ESI protocols have become an increasingly contentious issue in e-discovery. While ideally setting the framework for basic issues such as form of production, metadata fields, and load file specifications, ESI protocols have become bogged down in negotiations over search procedures and family productions of hyperlinked documents. Worse, some parties memorialize preservation procedures in ESI protocols.
As reflected in the recent In re Keurig Green Mountain Single-Serve Coffee Antitrust Litigation case, noncompliance with preservation provisions in an ESI protocol can expose parties to severe sanctions under Federal Rule of Civil Procedure 37(b)(2)(A). Keurig also offers other lessons on key ESI issues including that courts may defer to an organization’s reasonable information-related policies in connection with discovery-based decisions.

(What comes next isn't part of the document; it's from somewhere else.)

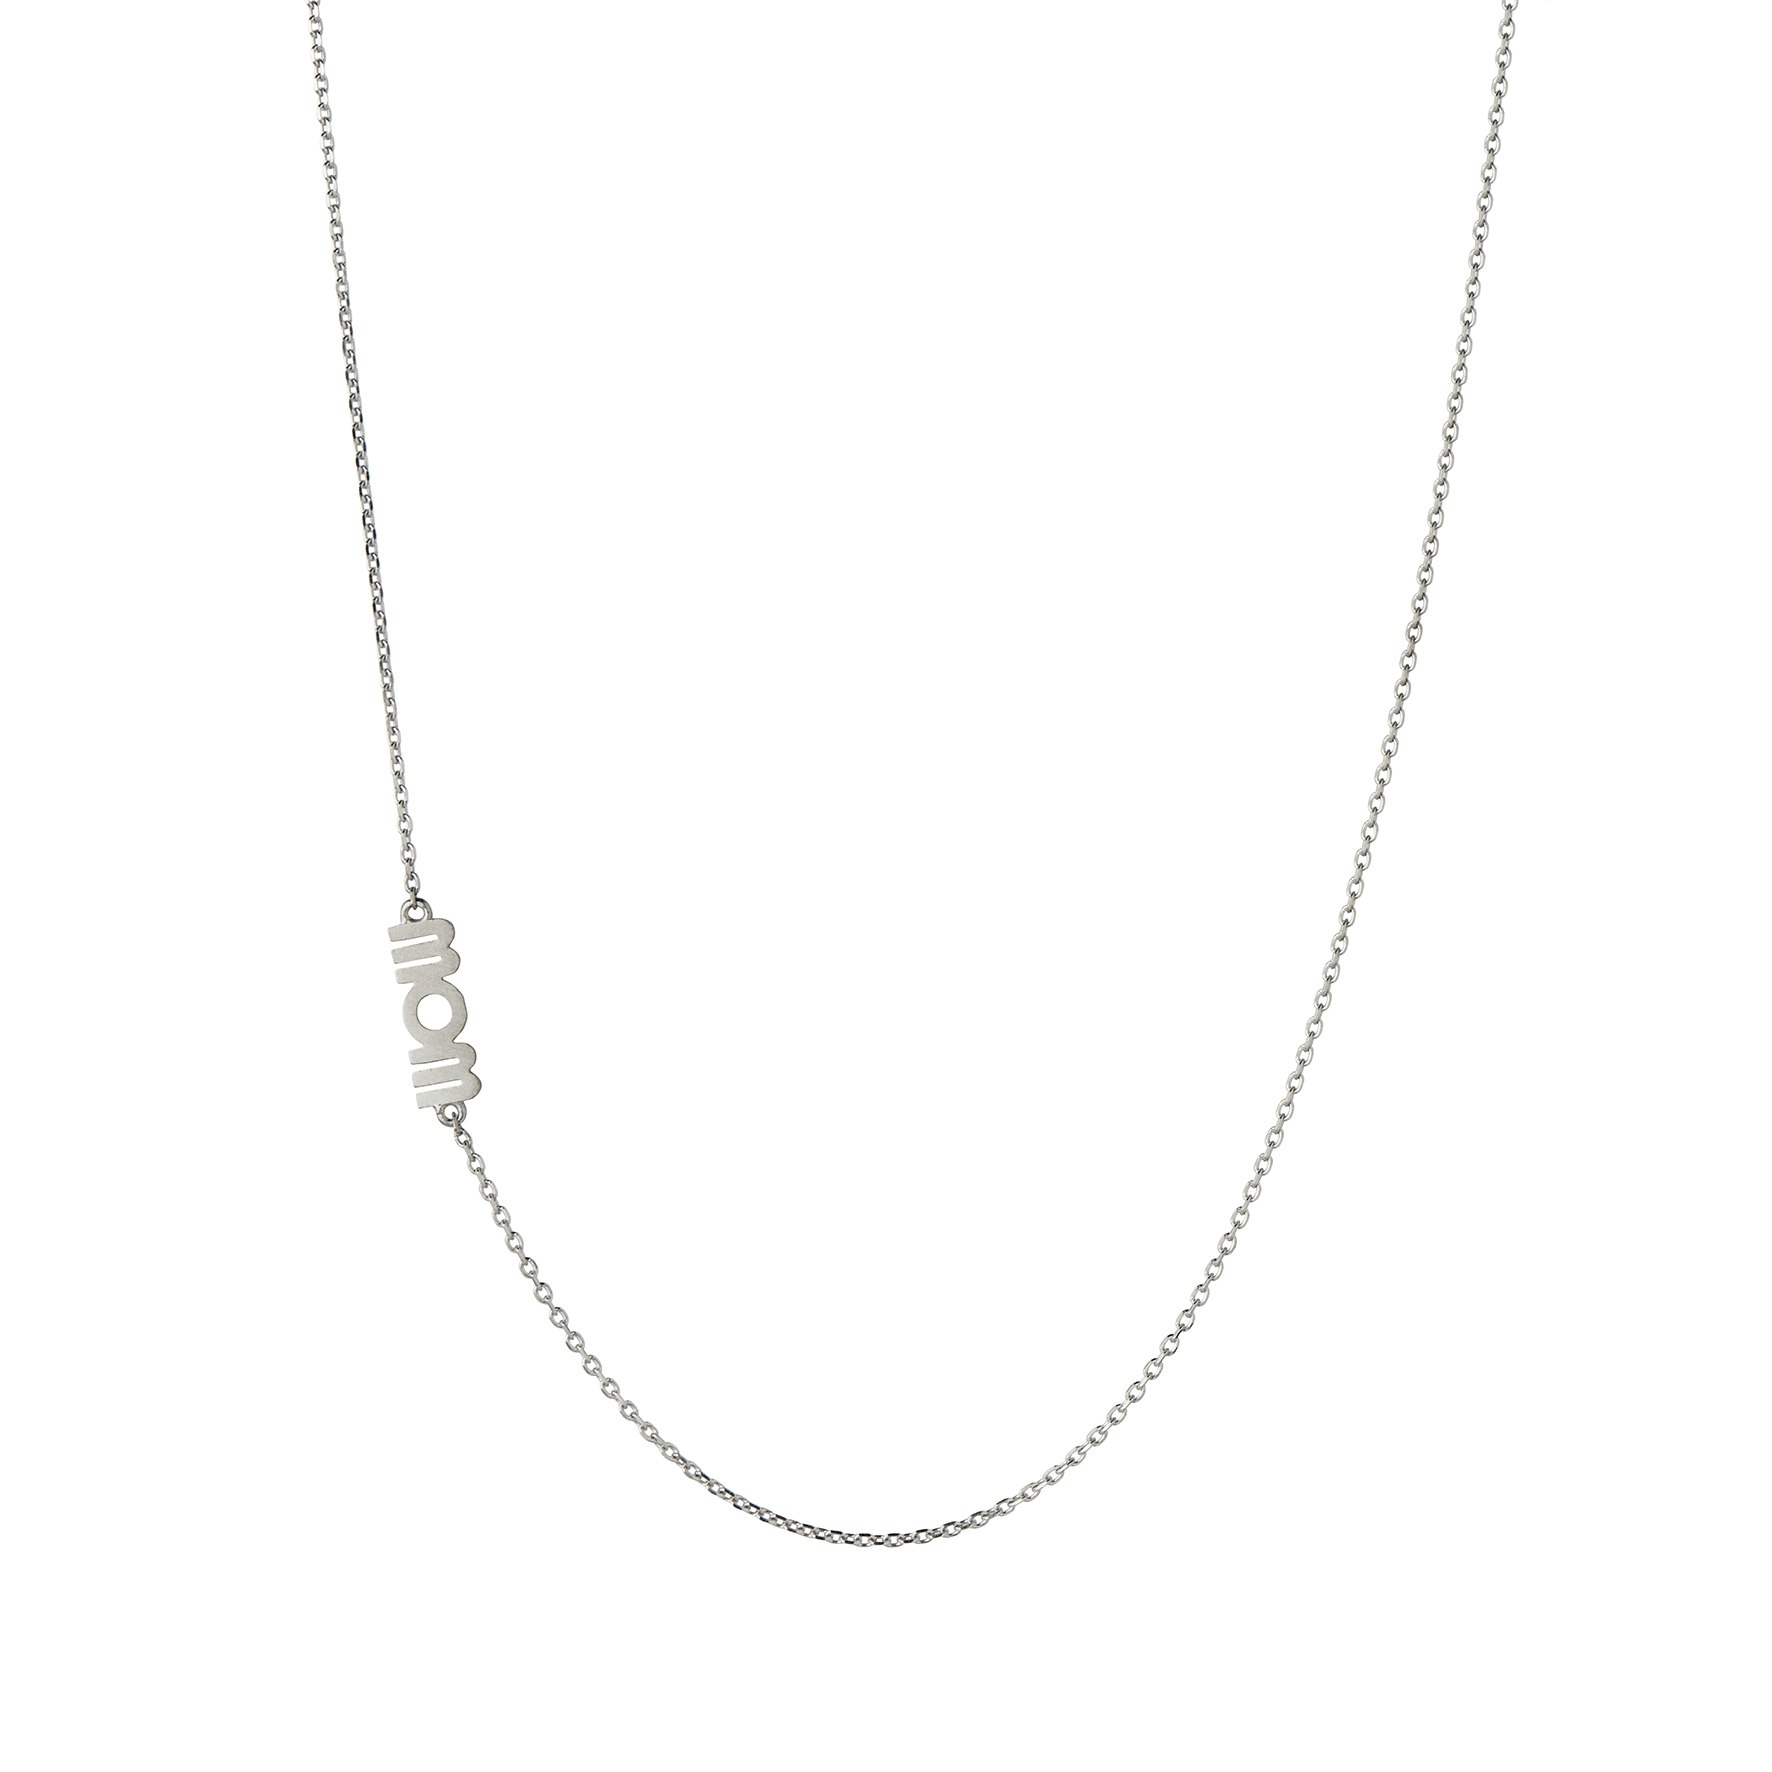 Wow Mom Necklace von STINE A Jewelry in Silber Sterling 925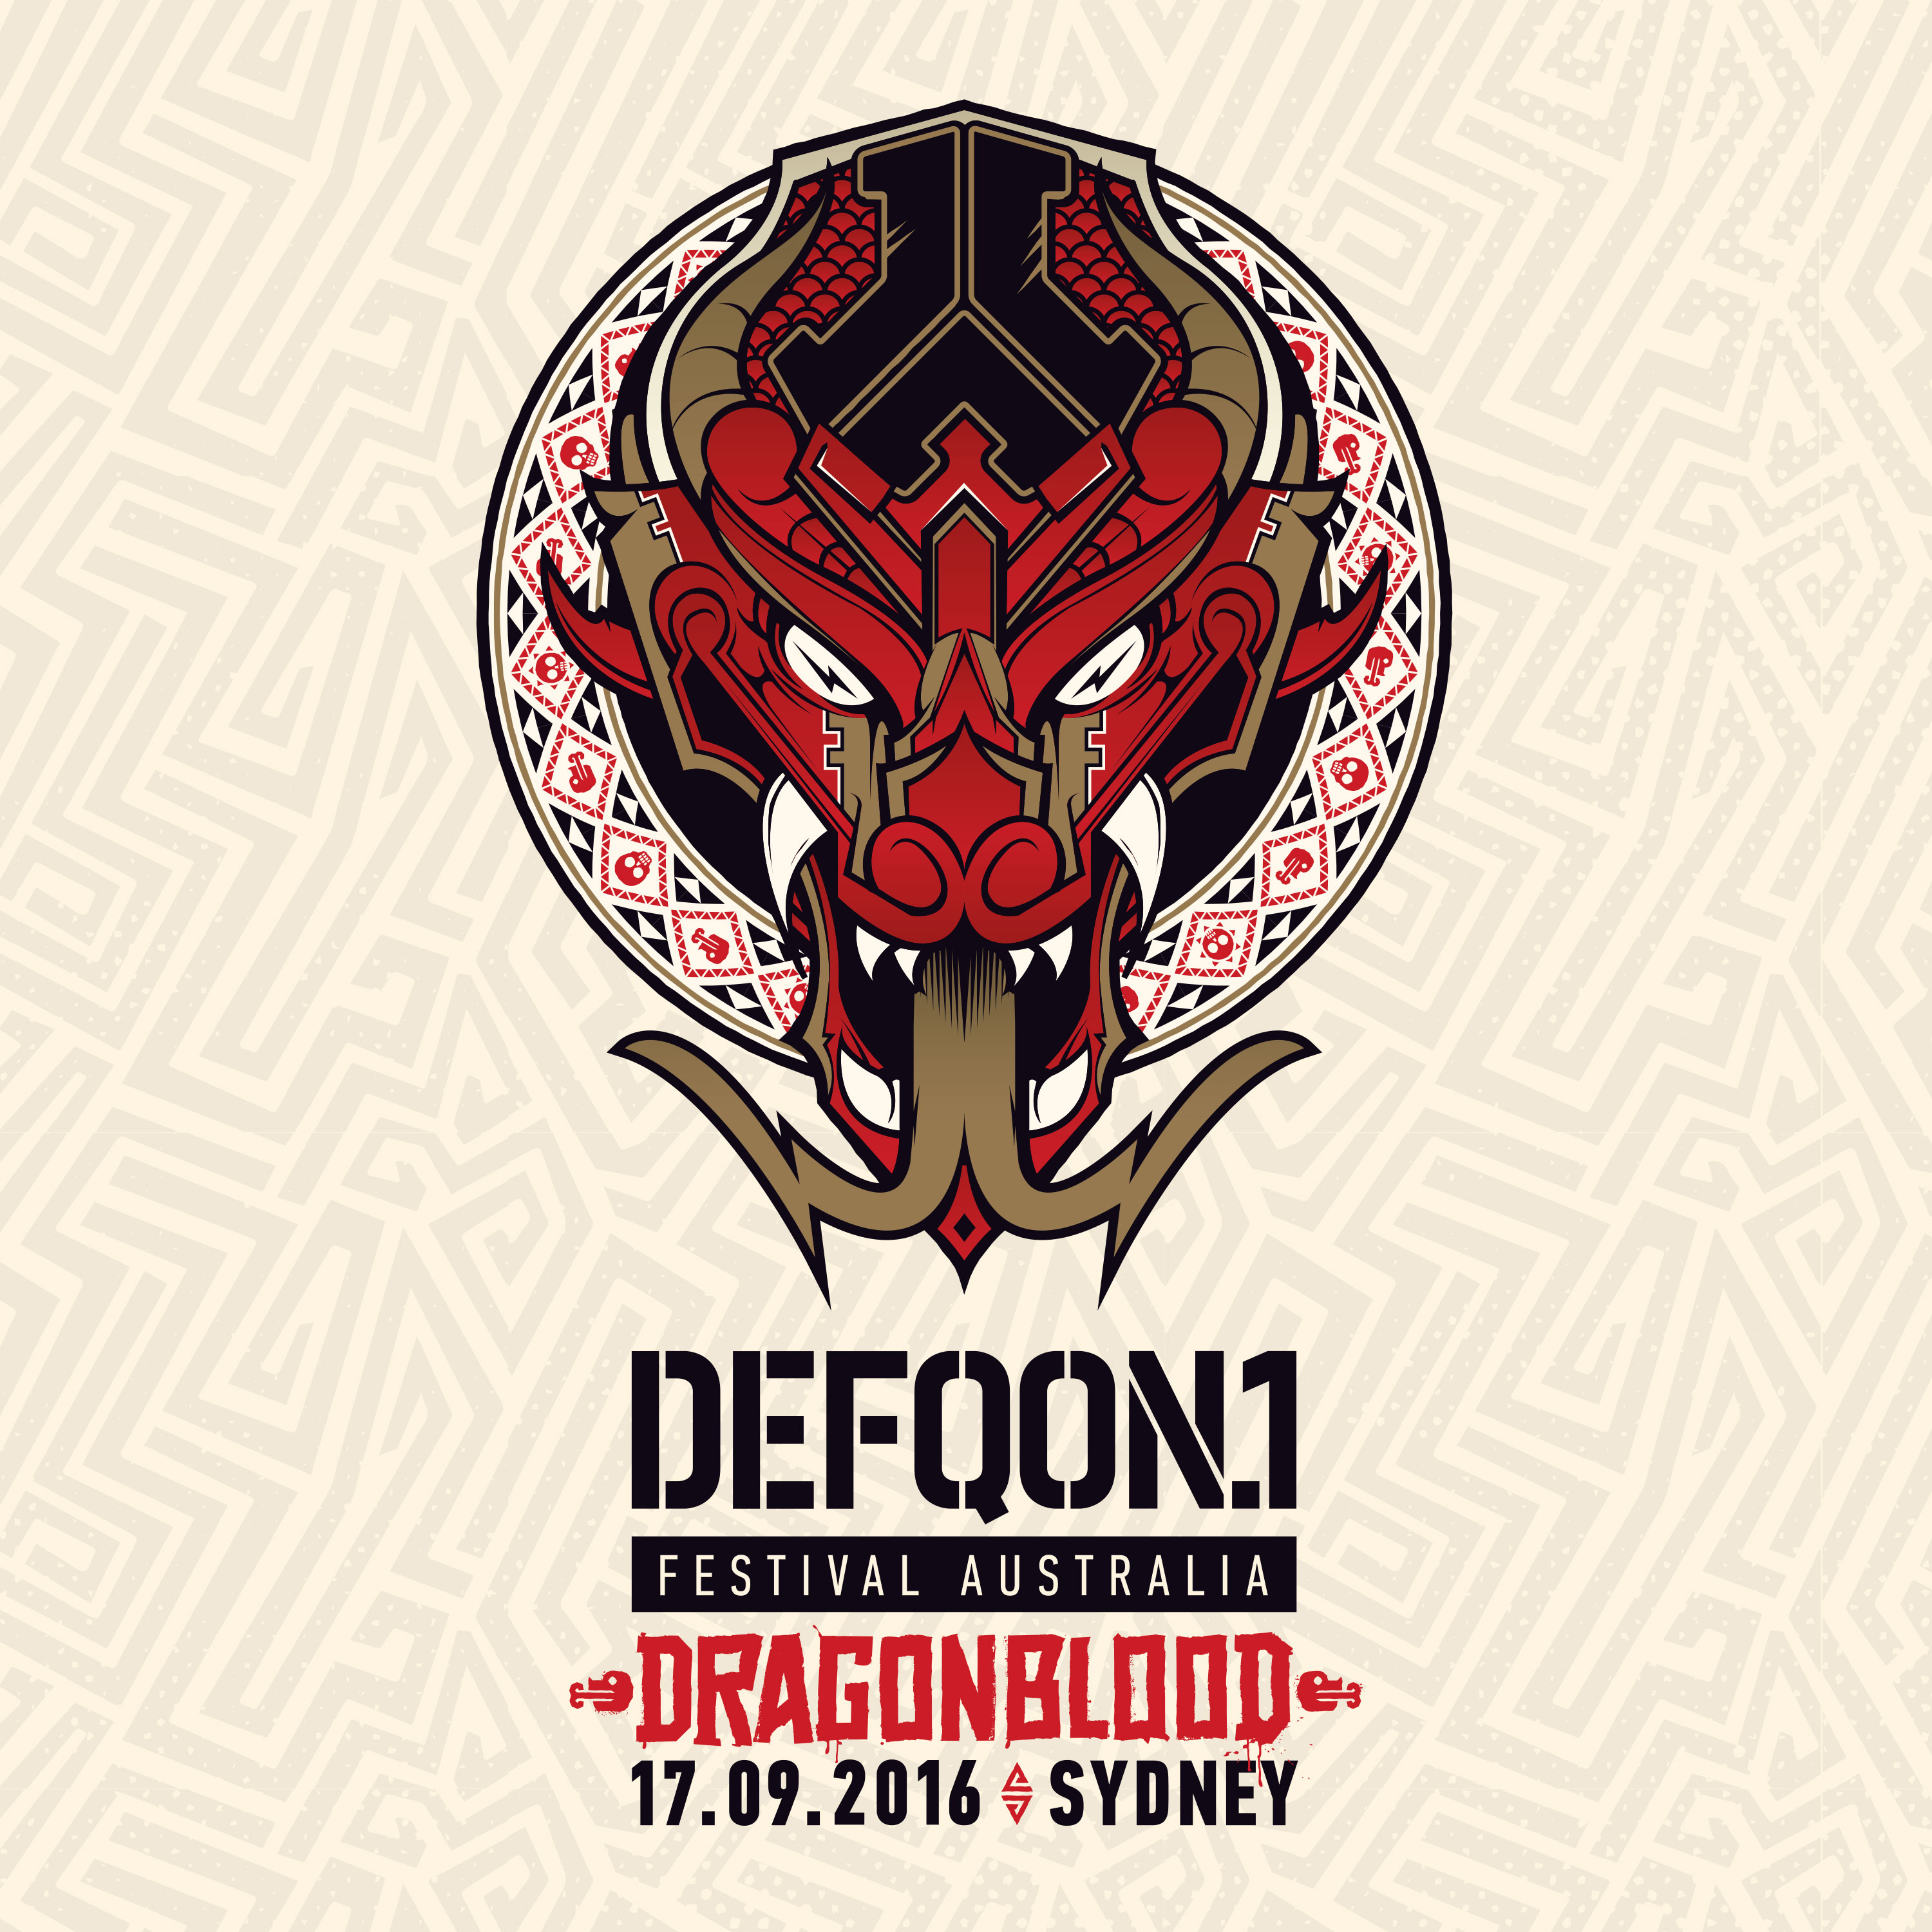 Defqon.1 Festival Australia 2016: Dragonblood

Rule 37(b)(2)(A) Sanctions vs. Rule 37(e) Sanctions
Courts may impose sanctions under Rule 37(b)(2)(A) when a party or witness fails to obey a discovery order. To determine whether sanctions are appropriate, courts look to the express language of a discovery order to ascertain whether a party has or has not complied with its provisions. If noncompliance is established, the court may issue a further order that remedies the harm in a “just” manner, including severe measures such as an adverse inference, evidence preclusion, or default judgment.